Stock Hedges Are Misfiring

Stock Hedges Are Misfiring

Many of the hedging strategies that worked in previous bear markets are misfiring in this one, contends an article in Bloomberg. Buying the dip, taking refuge in megacaps, betting on a Fed pivot, and purchasing crash insurance are all things that have been winning approaches in previous equity bear markets—such as in 2020—and are now failing.



Indeed, after the S&P 500 fell 2.5% following Fed Chair Jerome Powell’s hawkish statement, the Cboe Volatility Index (the VIX) was essentially flat, meaning investors who bet on increased volatility didn’t have success. And the Cboe S&P 500 5% Put Protection Index, which follows a strategy that uses a month 5% “out-of-the-money puts as a hedge” while holding “a long position on the equity gauge” fell 20%, as opposed to the 2.2% it returned in March 2020. The lack of certainty with hedge strategies that have outperformed in the past is causing immense frustration on Wall Street, according to the article. And unlike in 2020, this year’s market has been jarred by rallies that go against the trend, elongating the pain into the second-slowest bear market since the 1980s. That slow-motion selloff, combined with the rapidity in which the market changed from a high-flying bull market at the beginning of the year to the current bear, is one reason why so many hedge strategies are failing to work now.

But many ETFs that utilize some of these losing hedges are still seeing inflows this year; the Simplify U.S. Equity PLUS Downside Convexity ETF, which has passive exposure to the S&P 500 and is down 25% so far this year, has had inflows of $30 million. Paul Kim of Simplify Asset Management told Bloomberg that the ETF is “working as intended because we haven’t seen the follow-through and sharp selloff the strategy is designed to protect against.” And rapid reversals have been a hallmark of this market; the 10-month bear in the S&P 500 has also had 7 rallies of at least 5% and erased 1% of intraday gains or losses at least 26 times during those months.
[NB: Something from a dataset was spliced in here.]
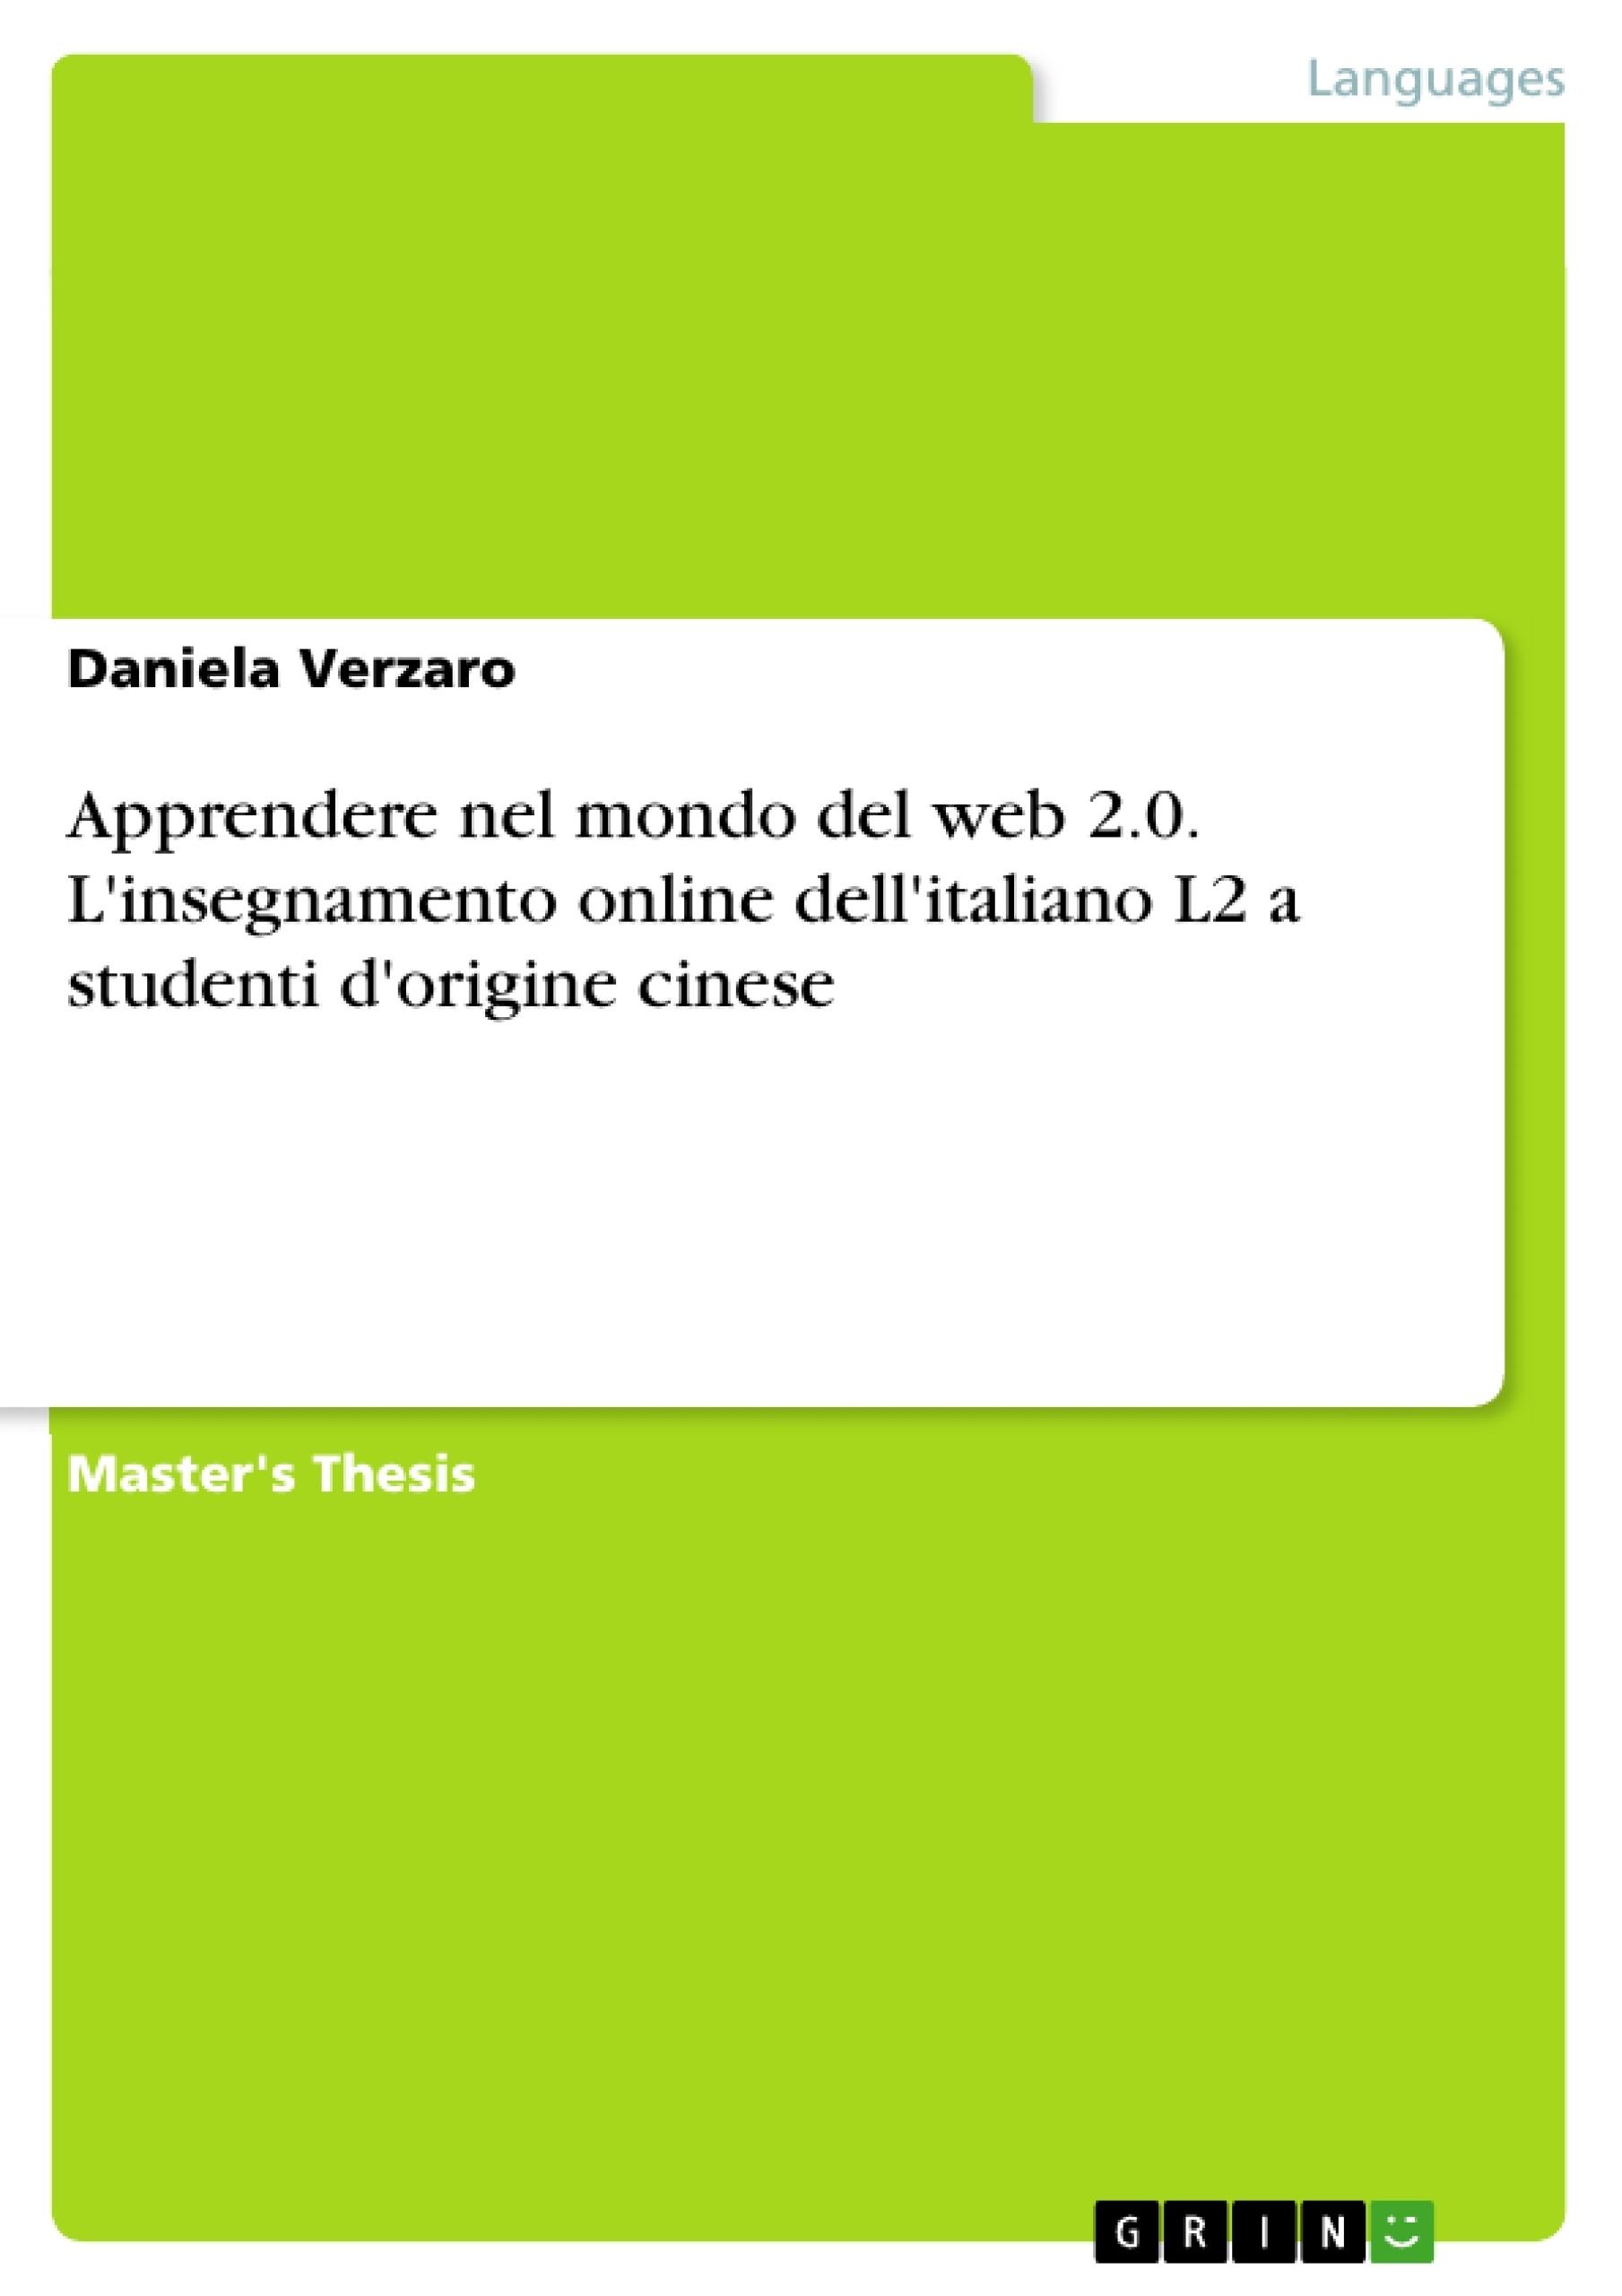 Web 2.0 dissertation

Even with all that volatility, indexes like the VIX have been relatively muted, and that could be because investors did actually predict inflation trouble was brewing at the end of last year. Amidst those concerns, money managers had the forethought to slash equity exposure, the article explains.

And because everyone was prepared for dizzying crash, and got a slow, downward spiral instead, many of the protective options that would’ve worked in a steeper crash have failed. That shift can be seen in the sensitivity of the implied volatility gauge in connection with the motion of underlining shares. Such a gauge surged at the end of last year, and is now at its lowest point in the last 10 years. That indicates that the options once relied on during fast-changing markets aren’t working during this equity rout. And those who tried to repeat past successes didn’t do well, Benn Eifert of QVR Advisors told Bloomberg, adding, “You look at the last really big bad thing and think it could happen. And usually the last bad thing that happened isn’t going to be that much like the next bad thing to happen.”